“Show Business” is a wee gem of a musical, with four good leads – Constance Moore and George Murphy for the romance , and Joan Davis and Eddie Cantor for the comedy, plus a slew of tuneful numbers.
”Show Business” is just that, a story of four performers and their efforts to be a success , their ups and downs, set around the First World War.
A quirk of the film was having the five main performers using their own Christian names – Eddie, George, Joan, Connie and Nancy (Nancy Kelly).
Joan and Eddie do a sketch of “Anthony and Cleopatra” ,with some funny dialogue:
Joan: “Do’eth thou’eth love’eth me’eth?
Joan: “Will’t thou cares for an Egyptian cigarette?”
Eddie: “No, I am smoking already!”
Joan: Shooteth a little crap?”
Eddie: Thou knowest I never gamble.”
Eddie: “I never drink.”
Joan:”May I give you a flower. You must smell.”
Eddie: ……”Remember , my Queen, I’m only a boy, just past twenty.”
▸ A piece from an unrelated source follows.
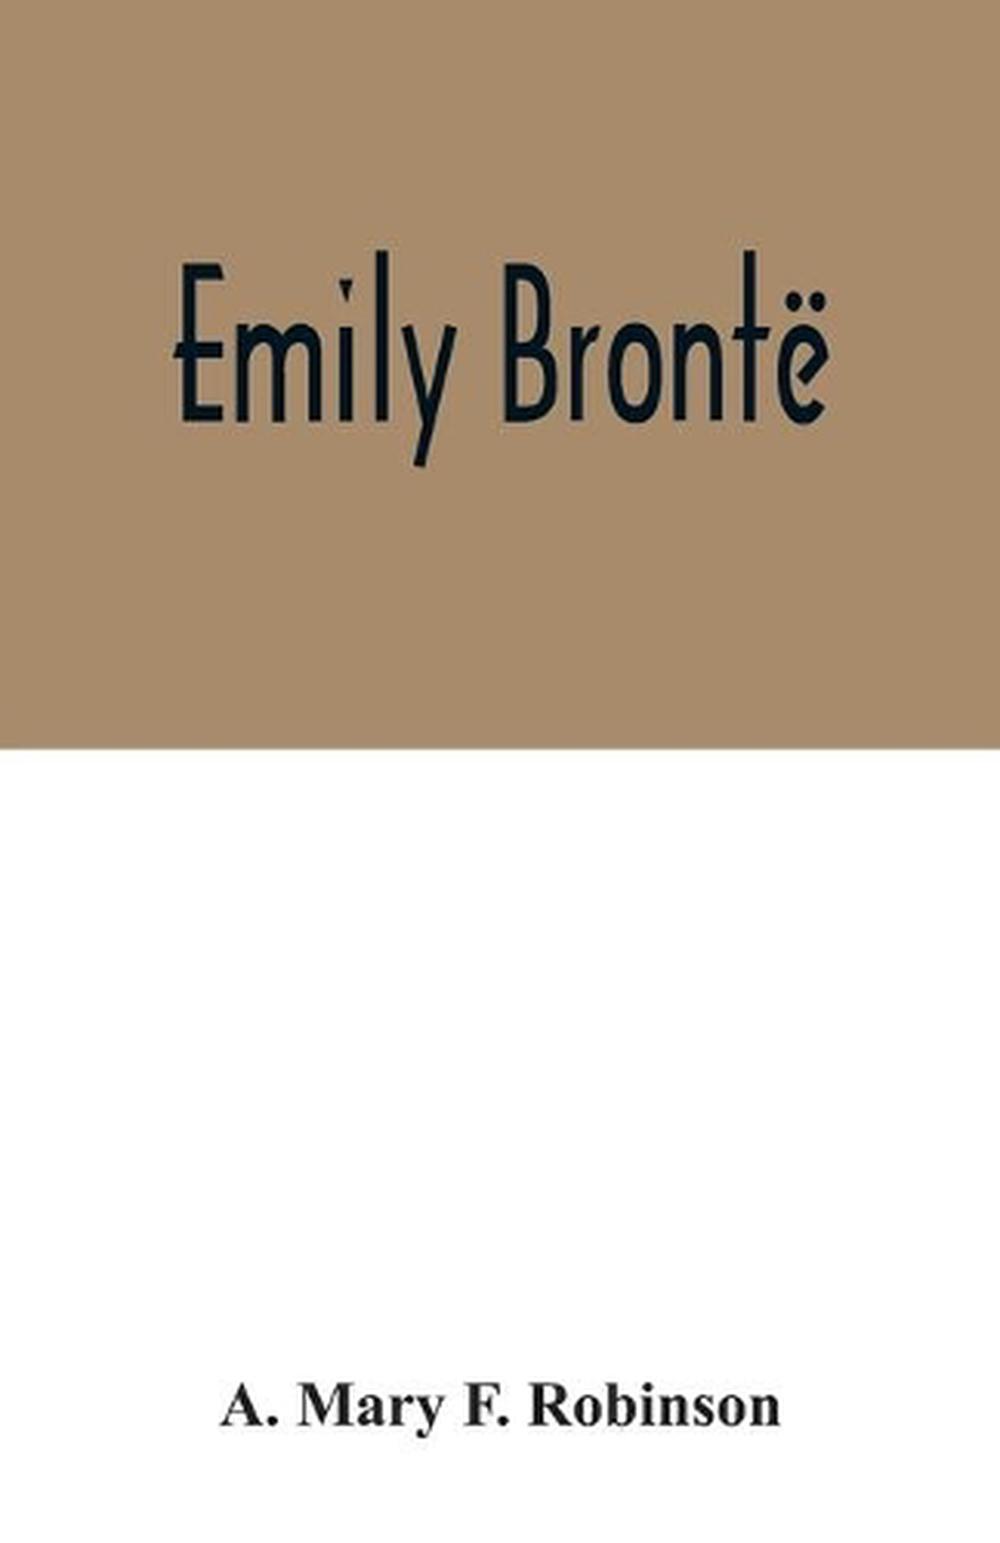 books written by emily bronte
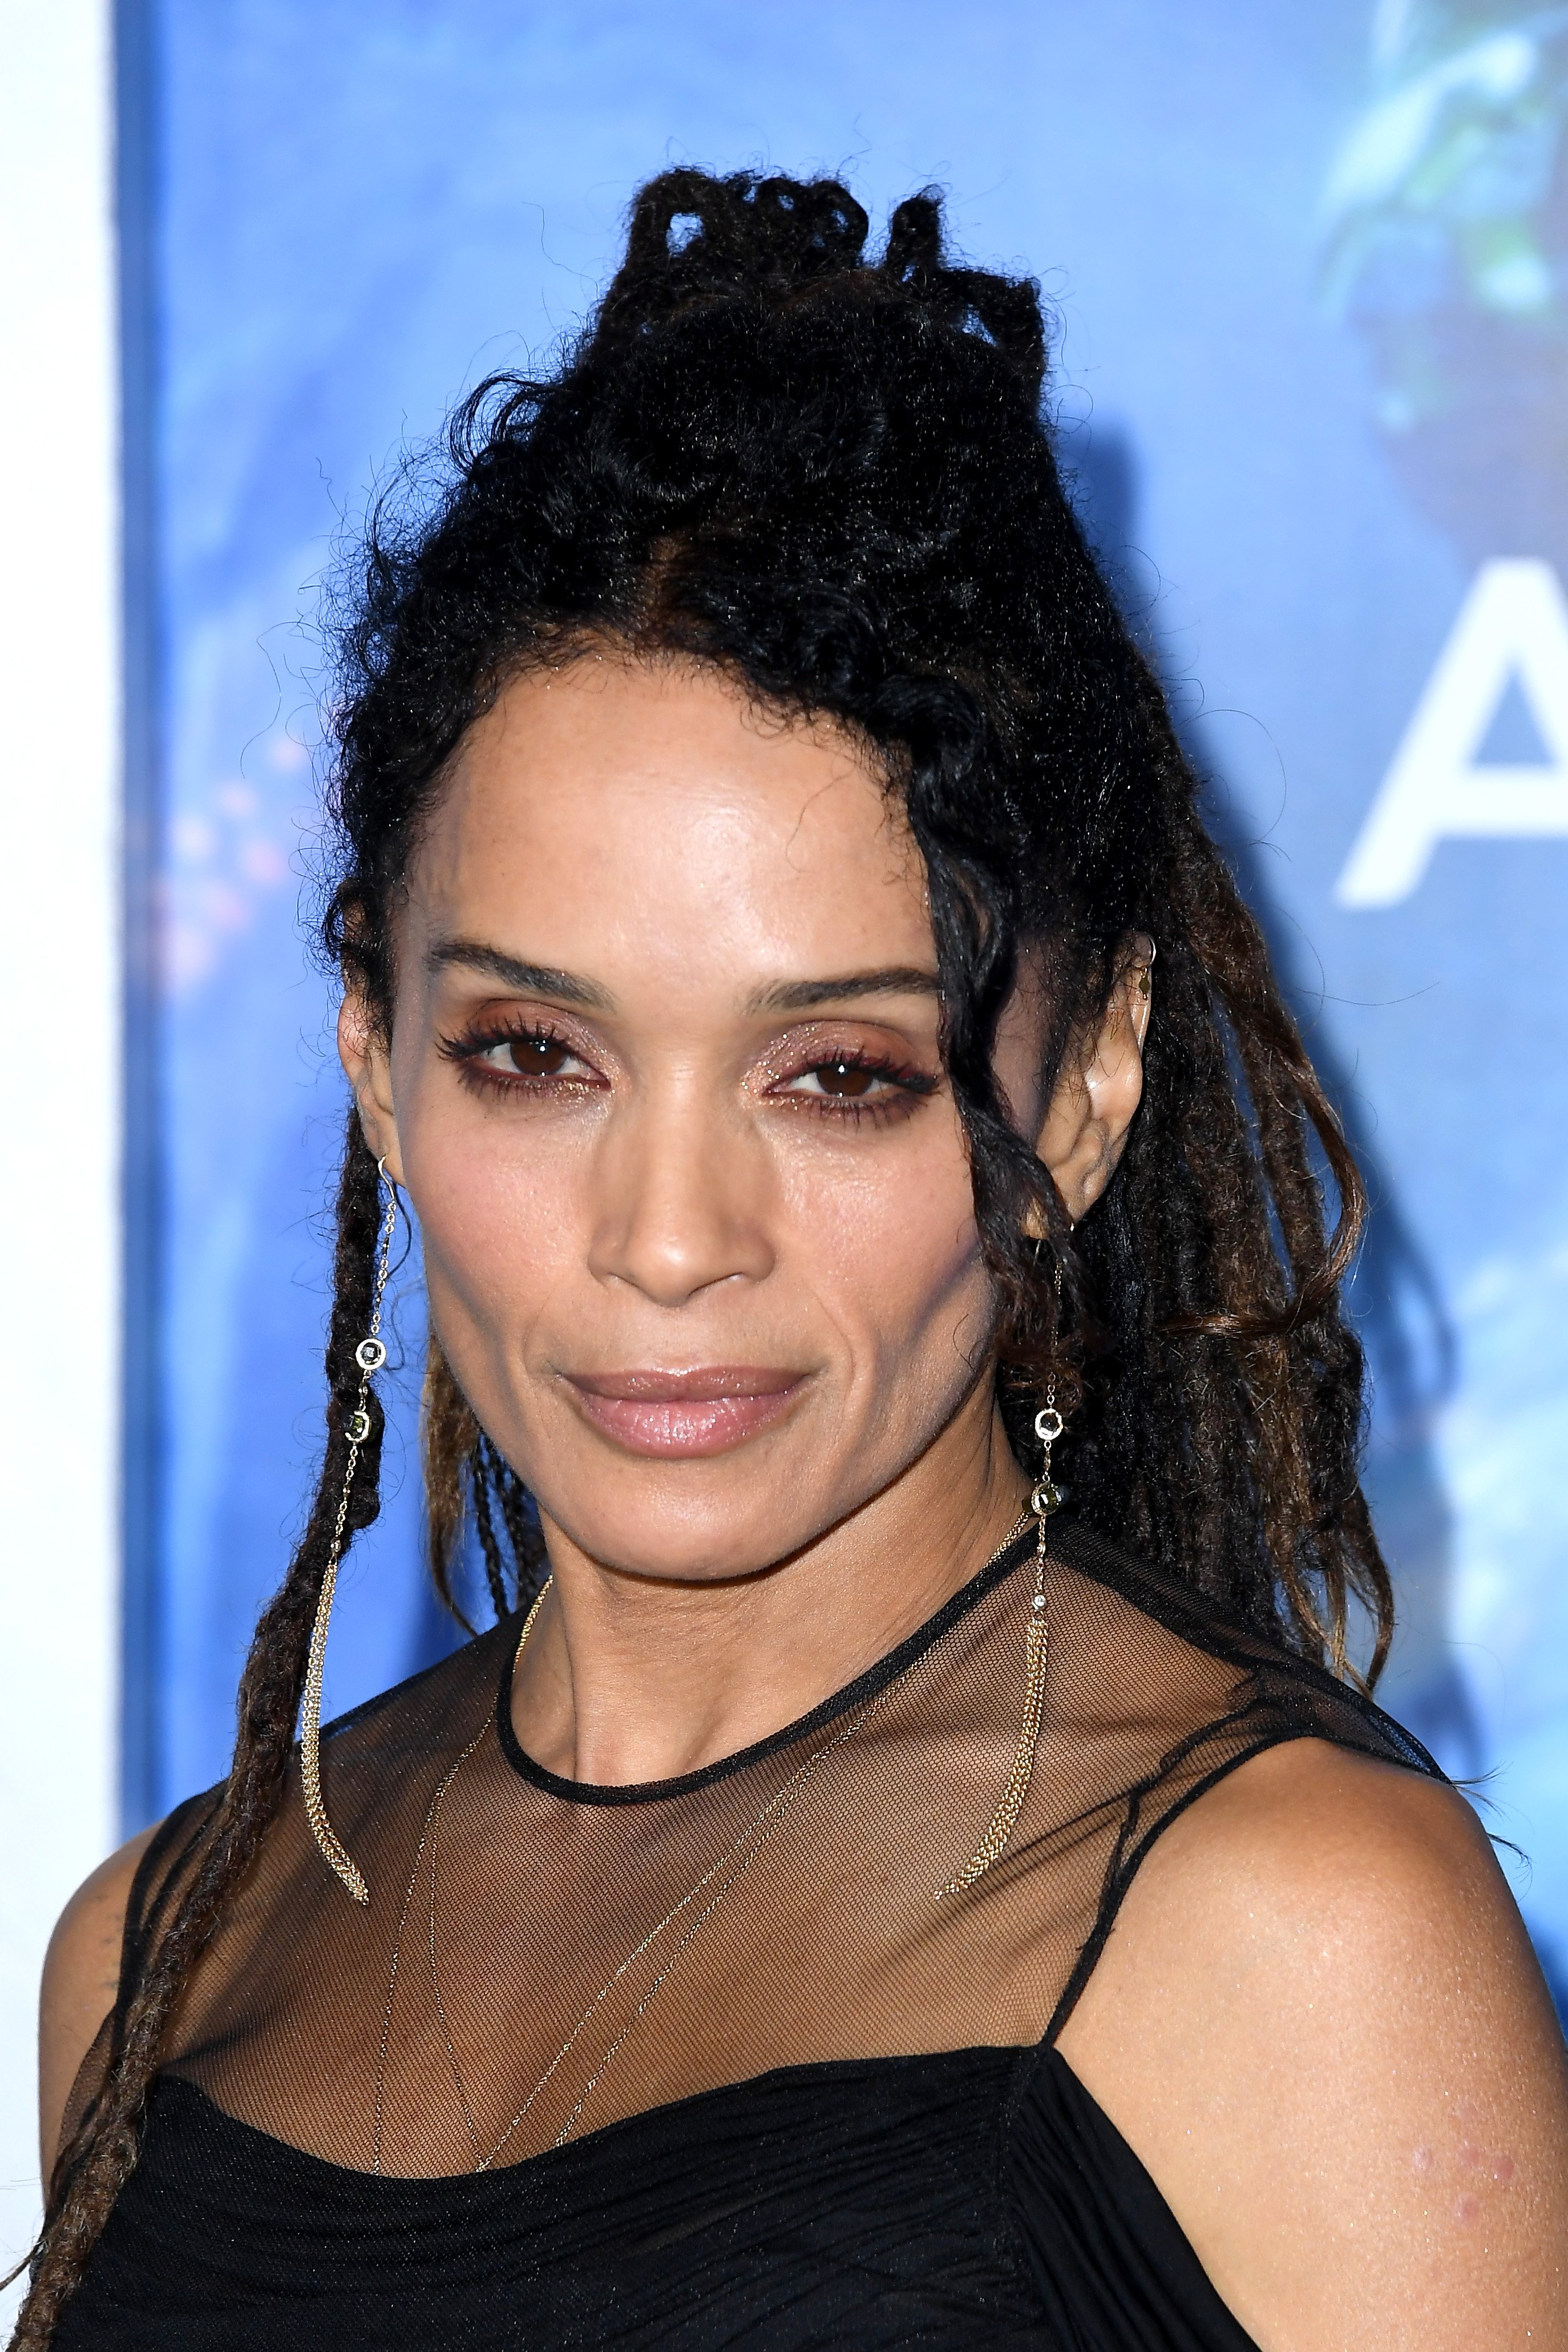 Actress Lisa Bonet attends the premiere of "Aquaman" at TCL Chinese Theatre on December 12, 2018 in Hollywood, California ┃Source: Getty Images

Joan: ”Past it? You’ve lapped it two or three times .”
And every so often, Joan turns to the camera and says, “I love that boy, love him , I tell you.”
“I wanna a girl just like the girl that married dear old dad.”
Great song ,and Constance Moore sings it beautifully.
Nancy Kelly has a smallish role as a singer who tries to break up the Murphy/Moore romance. Nancy has a lovely number, “You May Not Remember” – dubbed by Nora Martin.
The film’s director was Edwin L.Marin who was also responsible for several Randolph Scott westerns, also Nocturne, Johnny Angel, several of the Maisie films; and even a couple of Judy Garland’s early films. A versatile director who was only 52 when he died in 1951.
i was impressed by Constance Moore (1920-2005) who married John Maschio, a theatrical agent in 1939. After that Constance only worked intermittently in films, but appeared on many radio shows, sang in nightclubs and on Broadway ( in “BY JUPITERL, with Ray Bolger.)
She had glamour, style and a lovely singing voice.
SHOW BUSINESS is available on dvd.
I had forgotten You May Not Remember was from Show Business. I mainly remember Anne Jeffrey’s singing it in a Western. When I met Anne at the 196 Ciecon I mentioned it and she told me it was written by Jessel.
That should read Cinecon.
Anne had a lovely voice.
I just remembered Constance was supposed to be at that Cinecon too but cancelled for family reasons. We still saw her scheduled film the very funny I’m Nobody’s Sweetheart Now as a tough nightclub singer. I would love to have met her. She did turn up the following year. Miles Krueger the historian sent me pictures of him and Constance.